- _PROVIDED ENTRIES_
==========

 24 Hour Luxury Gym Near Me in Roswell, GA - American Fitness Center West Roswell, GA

==========

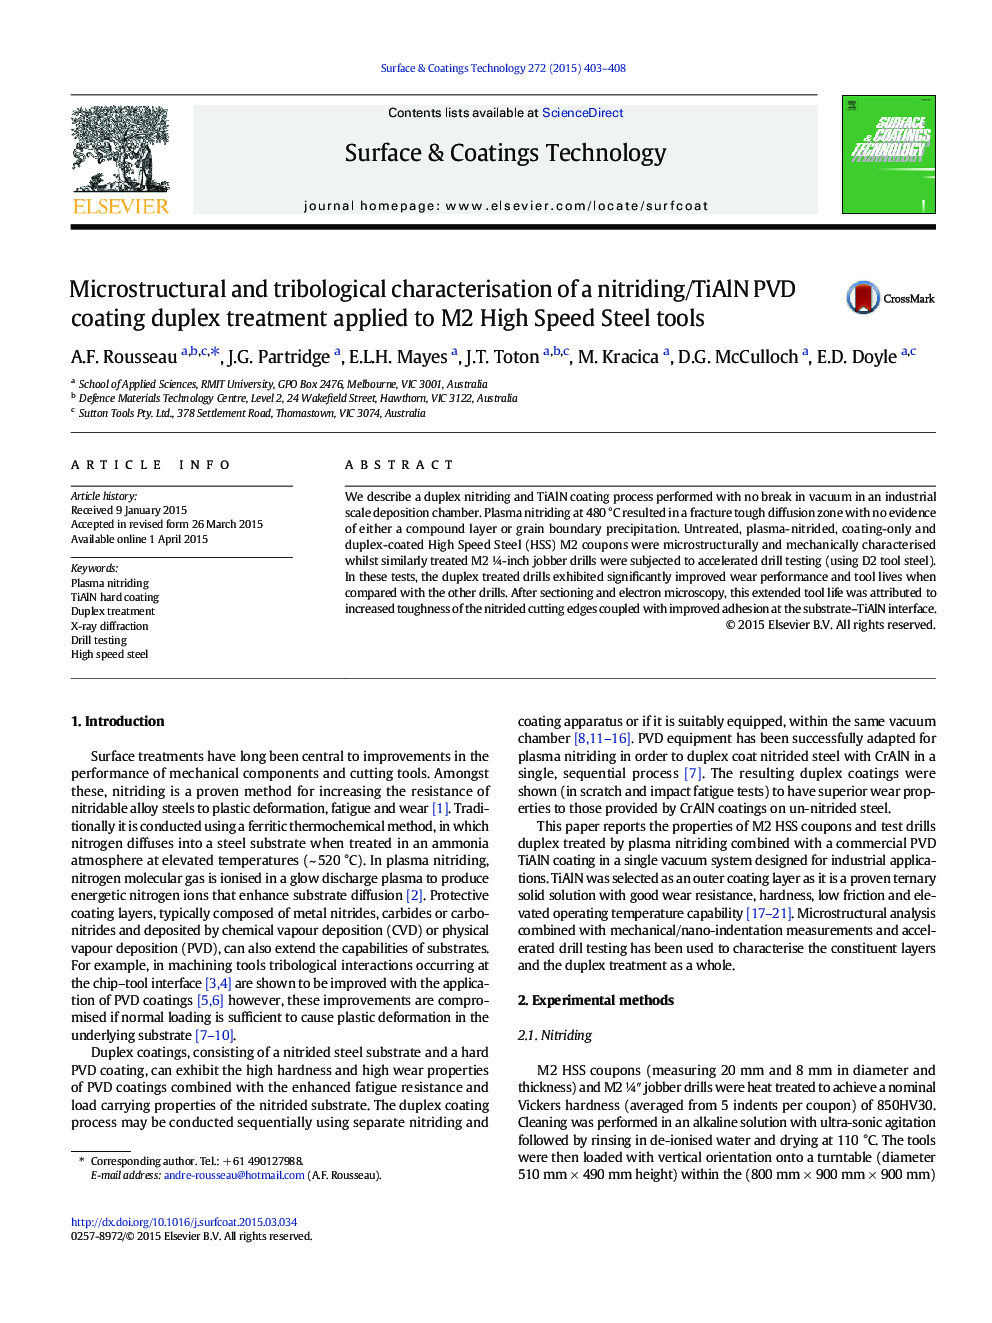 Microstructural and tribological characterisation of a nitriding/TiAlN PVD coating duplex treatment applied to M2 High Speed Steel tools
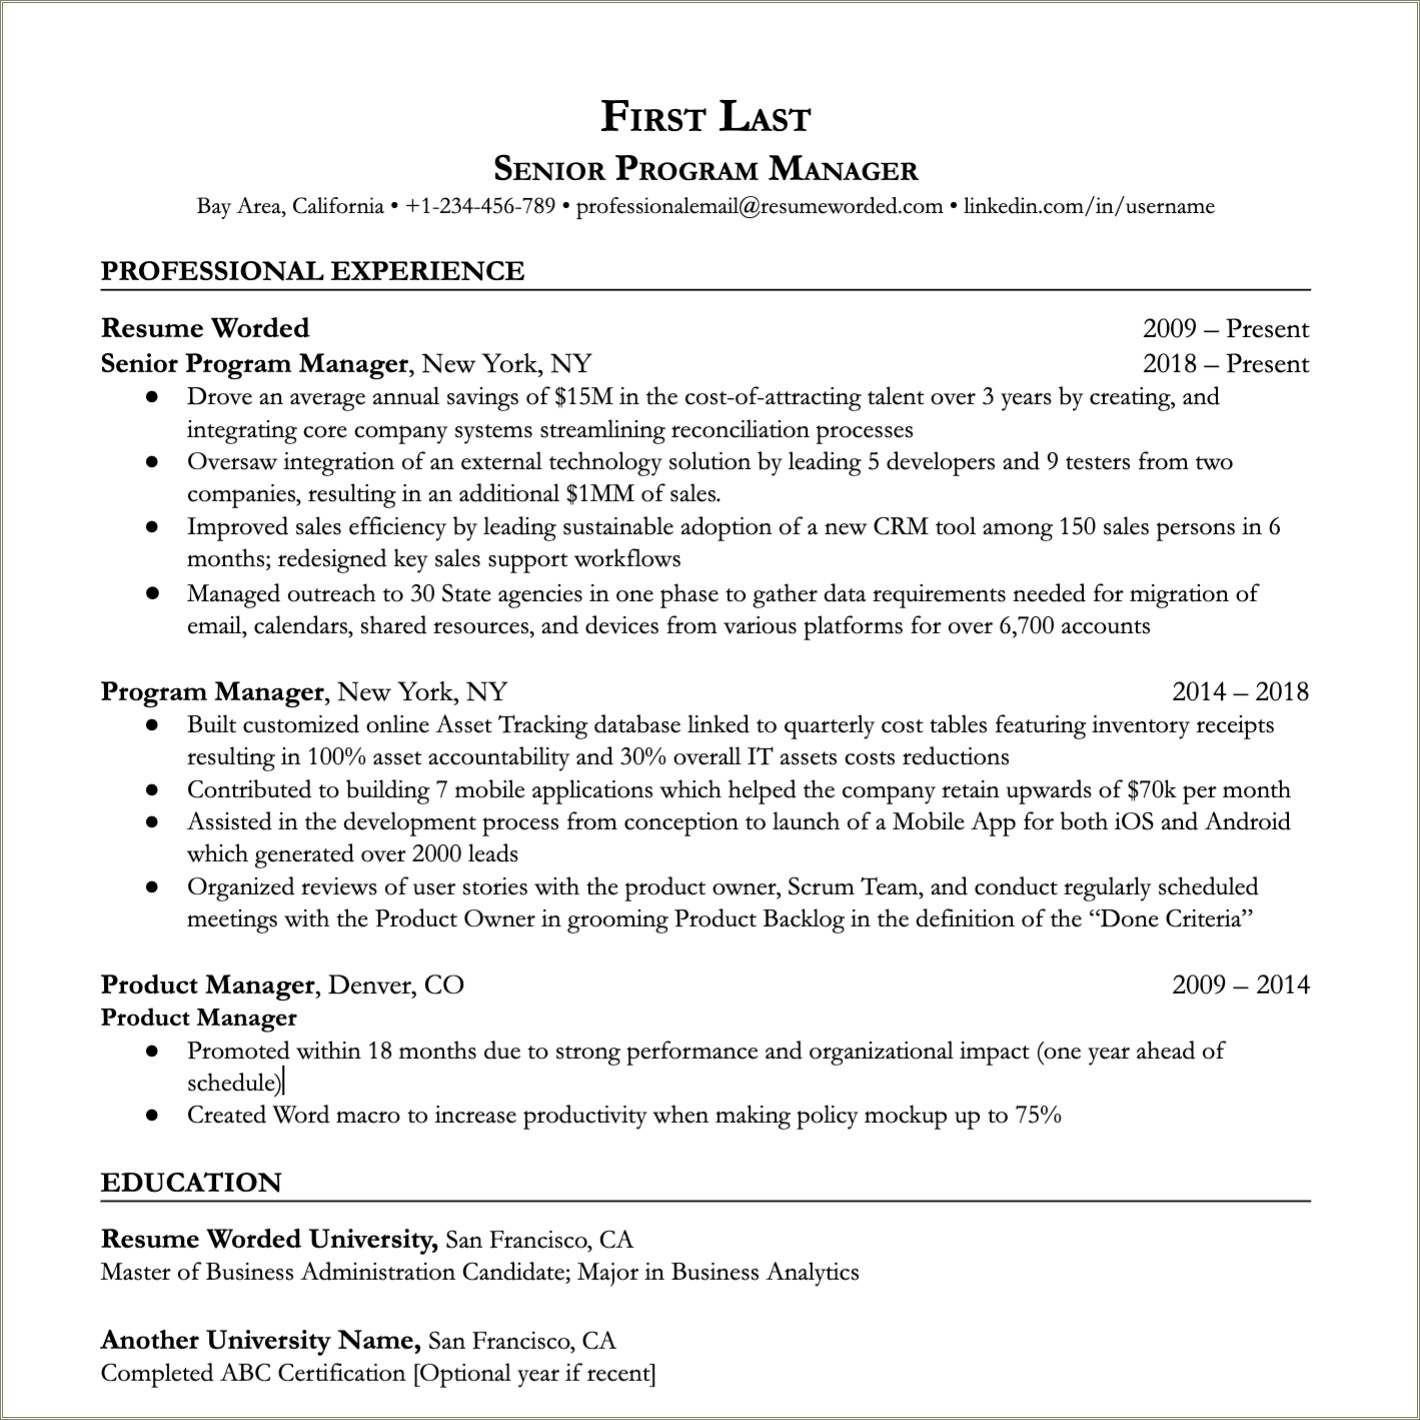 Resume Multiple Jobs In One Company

==========

- _WHAT IS NEEDED_
Beginning with the line that contains "Microstructural and tribological", write out the lines of the material above exactly, and end with the line that contains "Resume Multiple Jobs In One Company". Omit the pictures.

- _THE ANSWER_
 Microstructural and tribological characterisation of a nitriding/TiAlN PVD coating duplex treatment applied to M2 High Speed Steel tools
 Resume Multiple Jobs In One Company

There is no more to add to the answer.